Dataset section below:

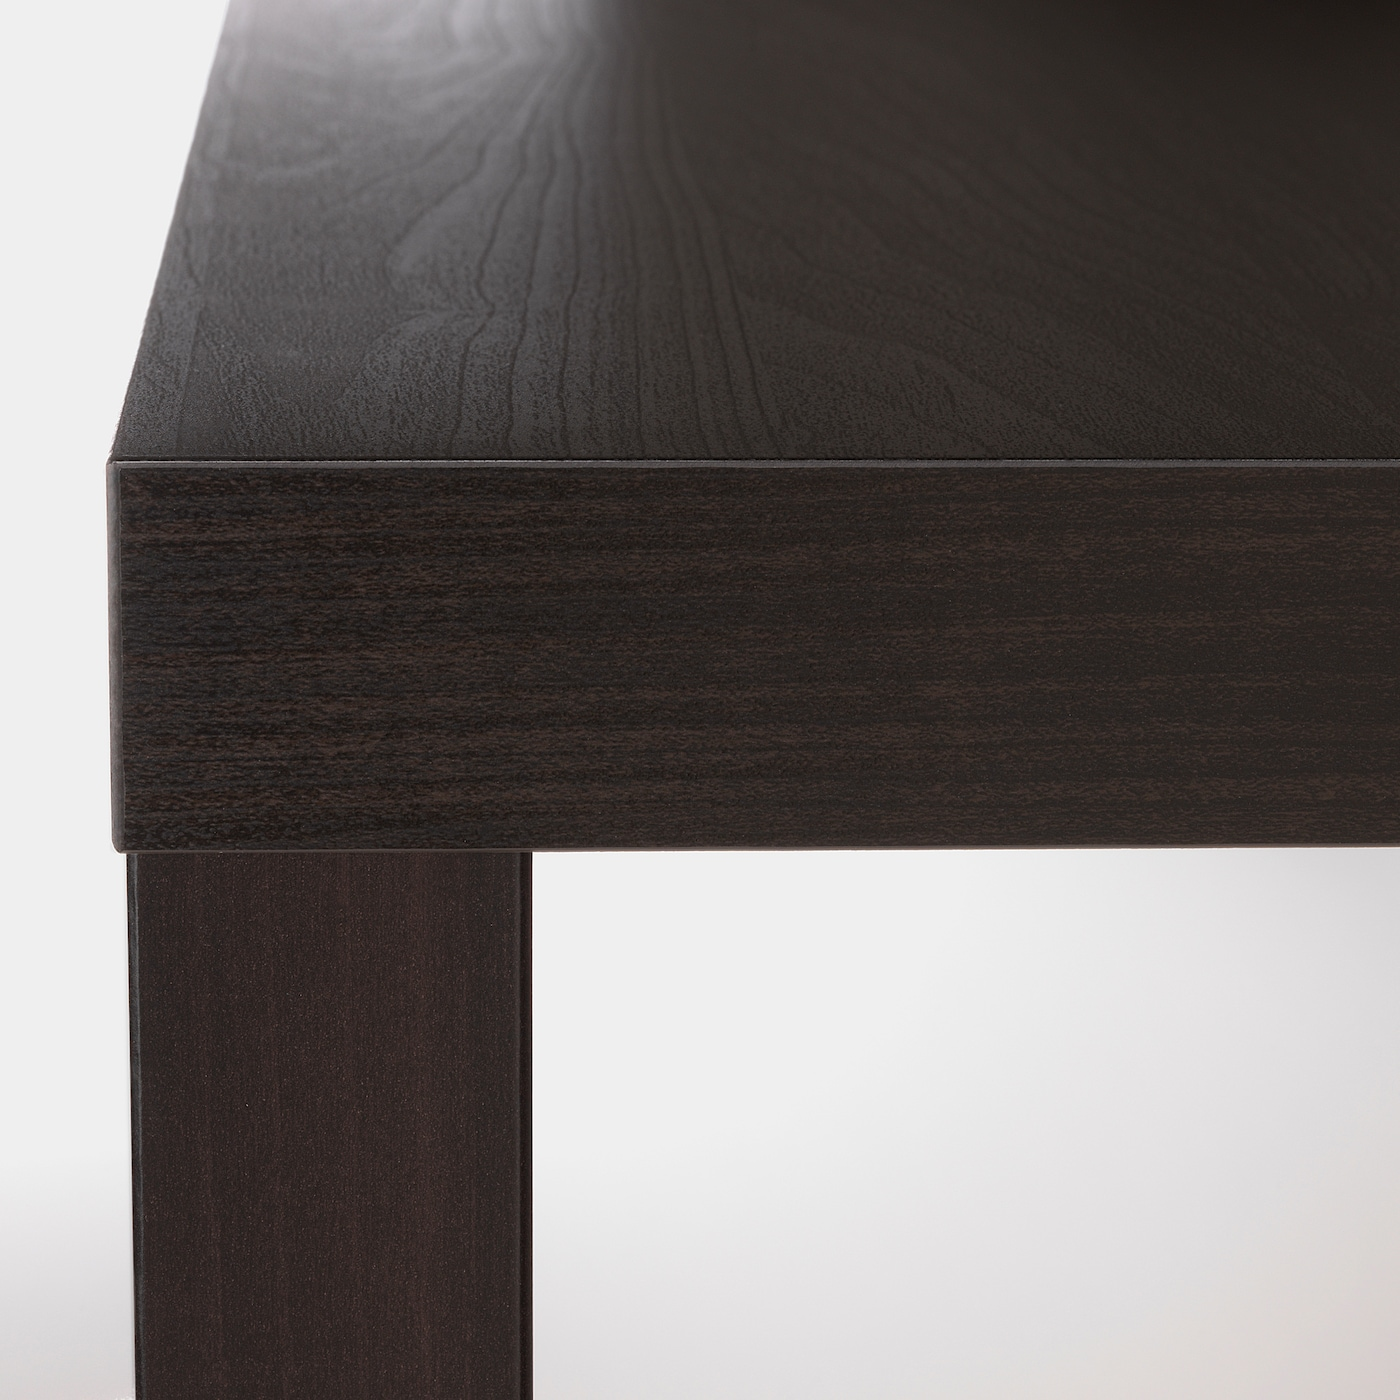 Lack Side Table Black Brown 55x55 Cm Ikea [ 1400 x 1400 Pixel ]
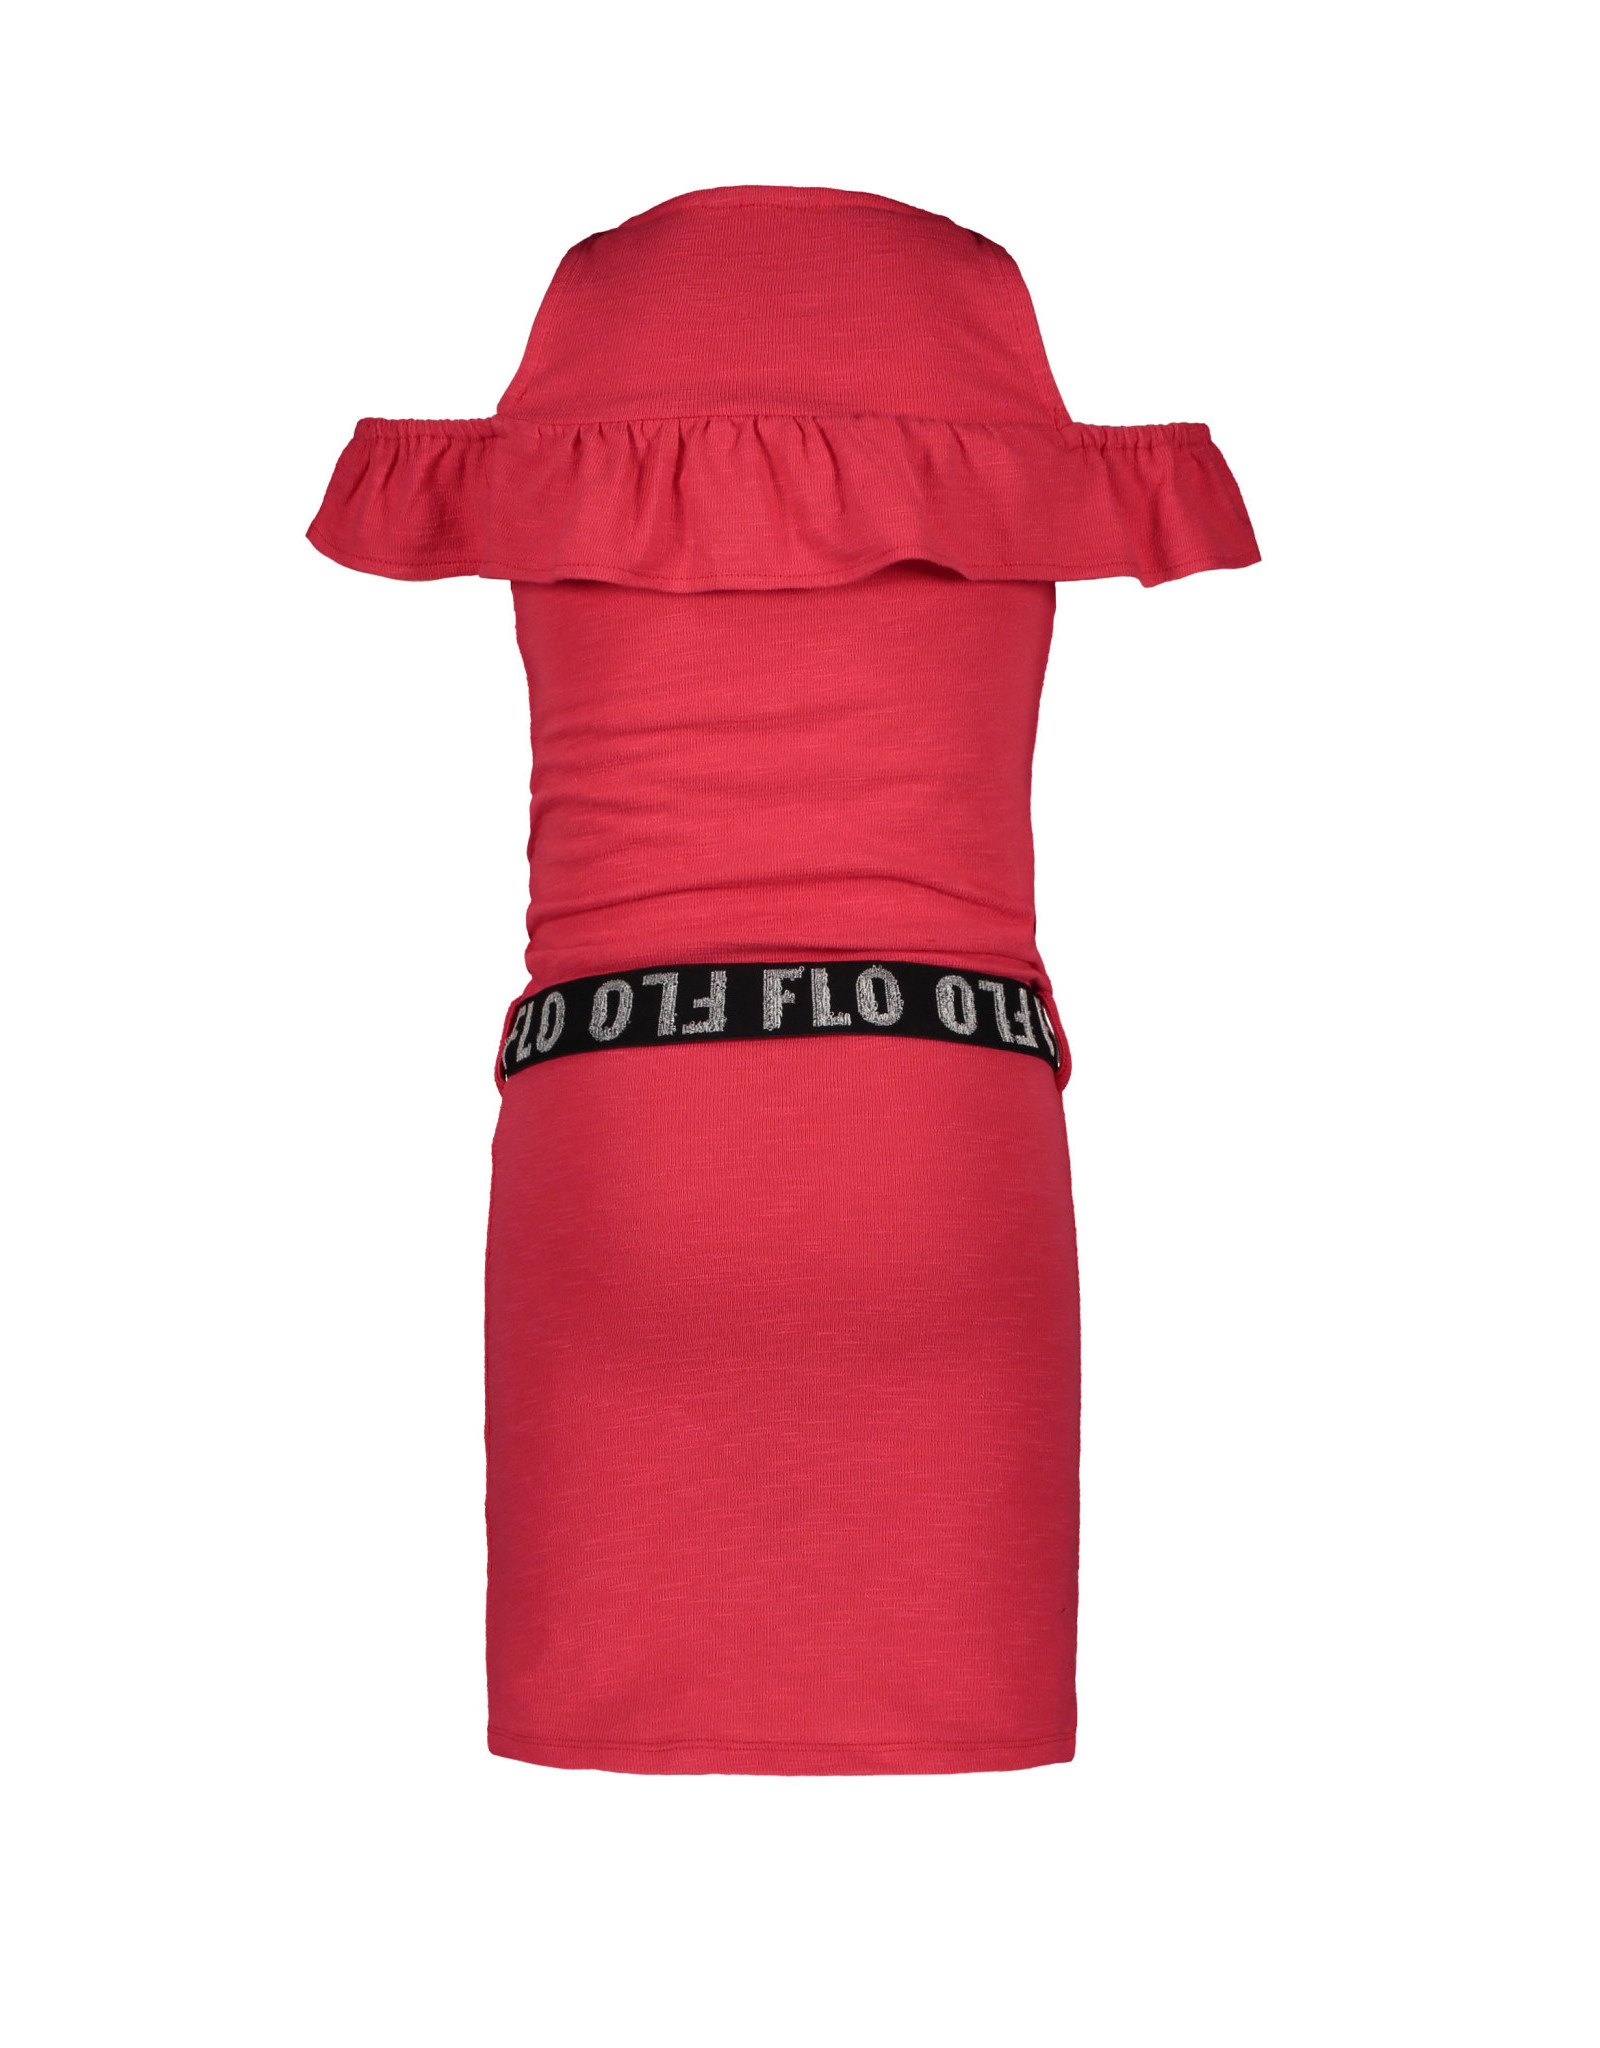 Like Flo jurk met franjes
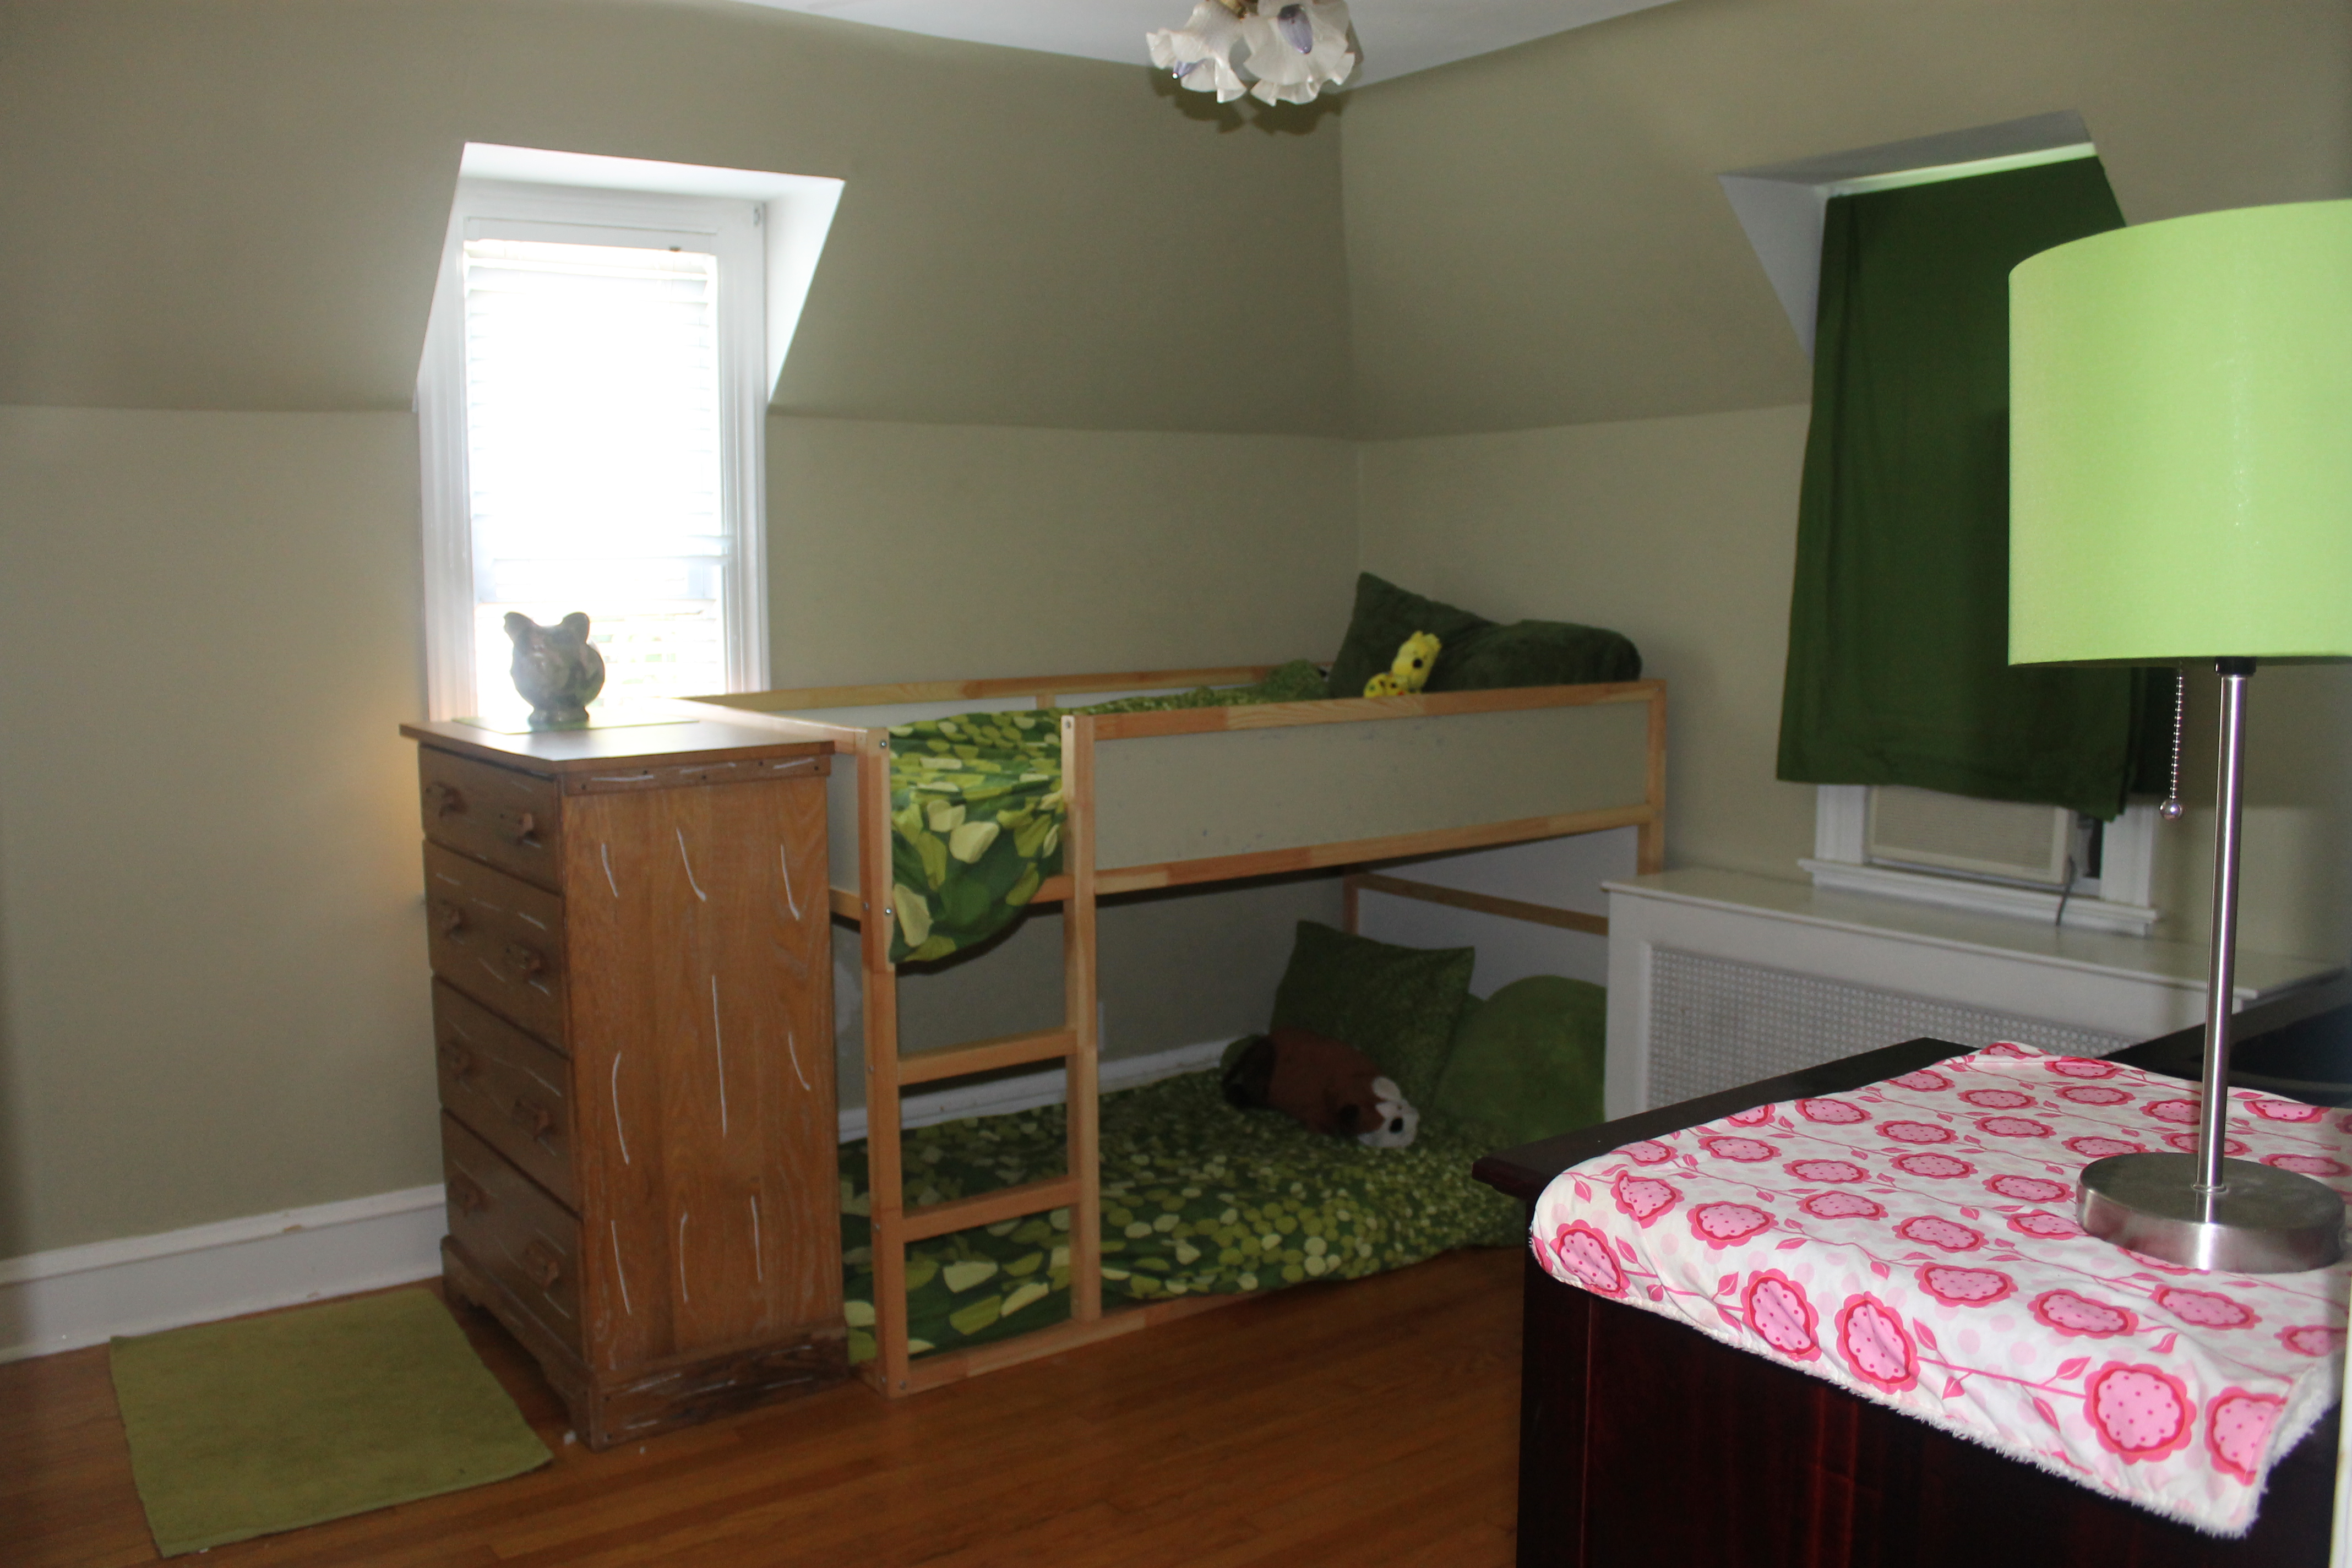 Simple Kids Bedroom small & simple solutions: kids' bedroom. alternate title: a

End of Dataset section.

- What is being asked
The whole listing above, line by line, needs to be copied exactly, except for any images.

- Result of this exercise
 Lack Side Table Black Brown 55x55 Cm Ikea [ 1400 x 1400 Pixel ]
 Like Flo jurk met franjes
 Simple Kids Bedroom small & simple solutions: kids' bedroom. alternate title: a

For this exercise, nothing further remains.